America really needs to turn itself back into the world's premier source of technology, both in innovation and in manufacturing. But I su
Re: (Score:3)
But I suspect nobody has the guts to pull away from globalization and toward self-sufficiency
Except the fact that the US now has a brand new TSMC factory operating [bloomberg.com] and over a dozen more projects underway. In specific cases I would absolutely agree that the US needs to internalize *certain* sectors for national security reasons and when you have a bad economic actor operating (China) then you can sacrifice some economic growth for some protectionism.
However the US lacks the labor capacity to manufacture entire supply chains for most industries, nor is it efficent economically for any nation to do s
When cargo value much greater than shipping cost (Score:2)
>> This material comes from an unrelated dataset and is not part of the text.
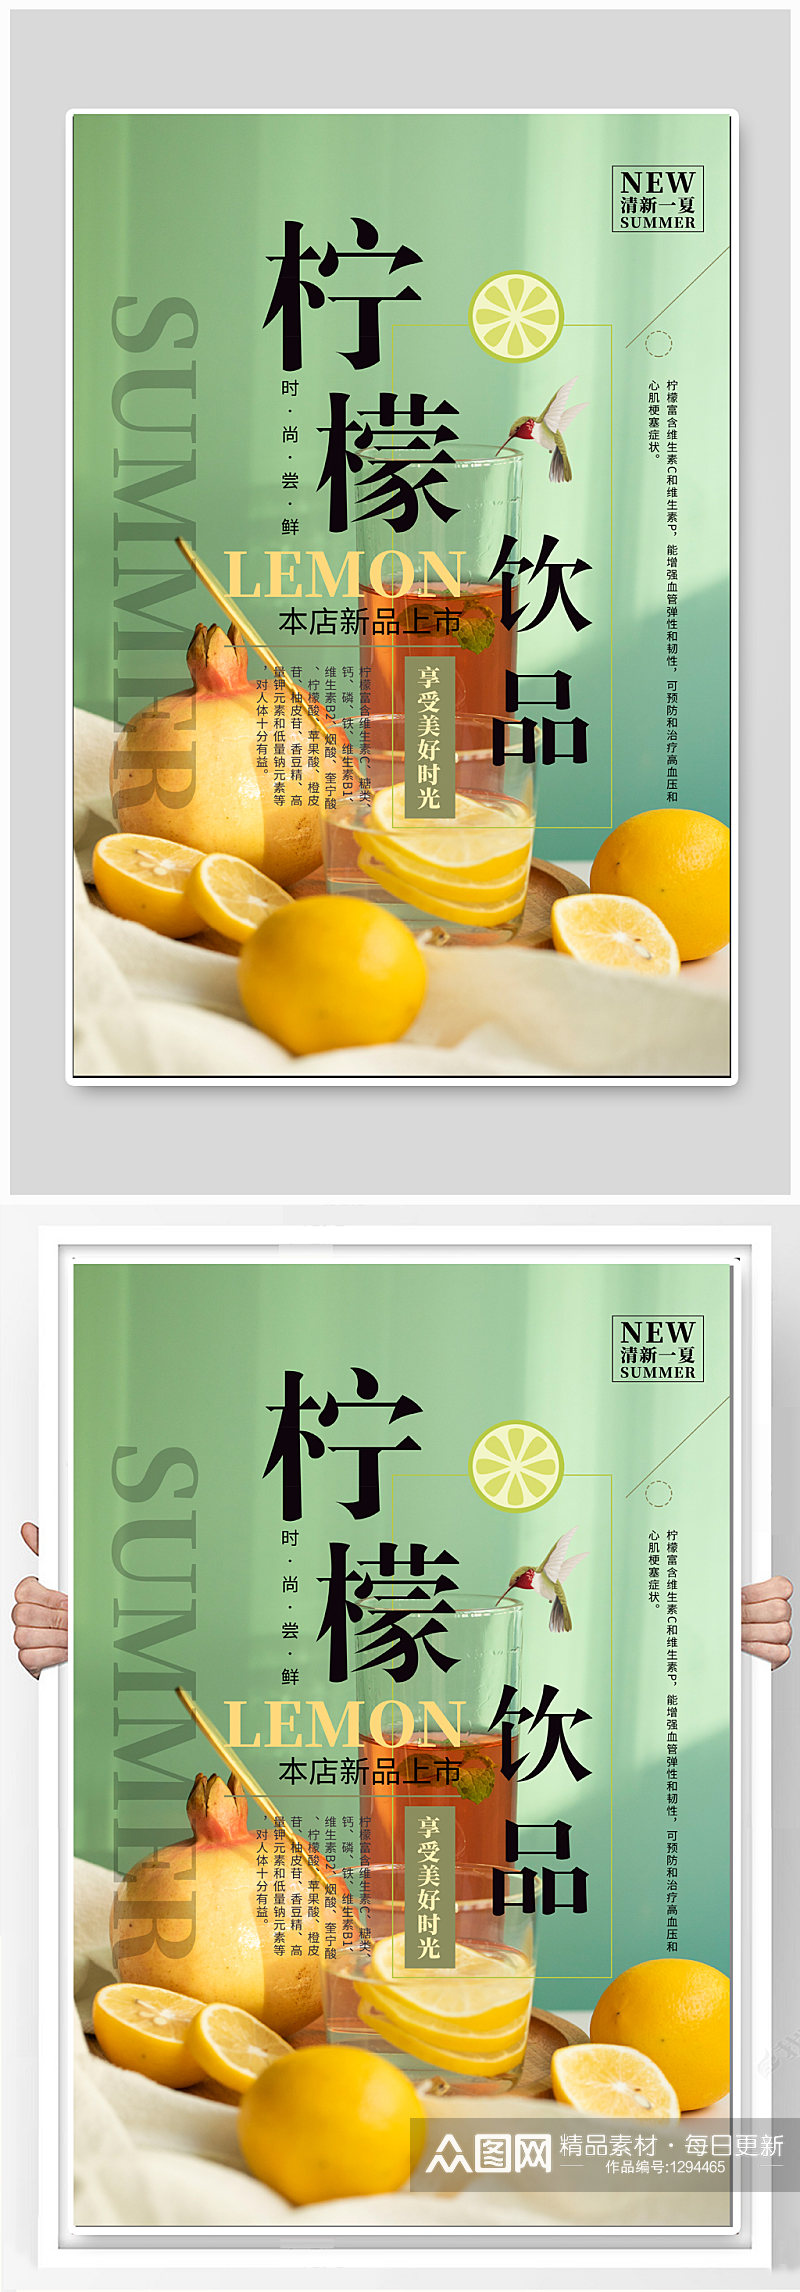 柠檬饮品上新促销海报素材

This is not surprising (Score:2)
Bans don't work
See the drug war for another example
Re: (Score:2)
Bans don't work See the drug war for another example
Bans/sanctions don't have to completely end the stream of high-tech chips to China. They only have to work well enough to make the supply of these chips so unreliable that a company like Huawei becomes seriously nervous about staking the future of their premium product lines on sporadic chip deliveries from a bunch of smugglers. Sanctions can do that if you follow them up with vigor and sanction any company that sells chips to a China based entity. You don't even have to sanction all of them, just find some
Oh no (Score:1)
That terrible, evil, and mean country that manufactures everything we depend on is doing something we don't like. Let's pretend to wag our finger at them while we do nothing of consequence.
NOT the goal (Score:2)
The goal of the ban is not to prevent China from ever having access to the good chips. It is to slow down their progress. A small amount of chips smuggled in via shell companies is irrelevant. As long as they are advancing slower than they would with unrestricted access, the ban is a success.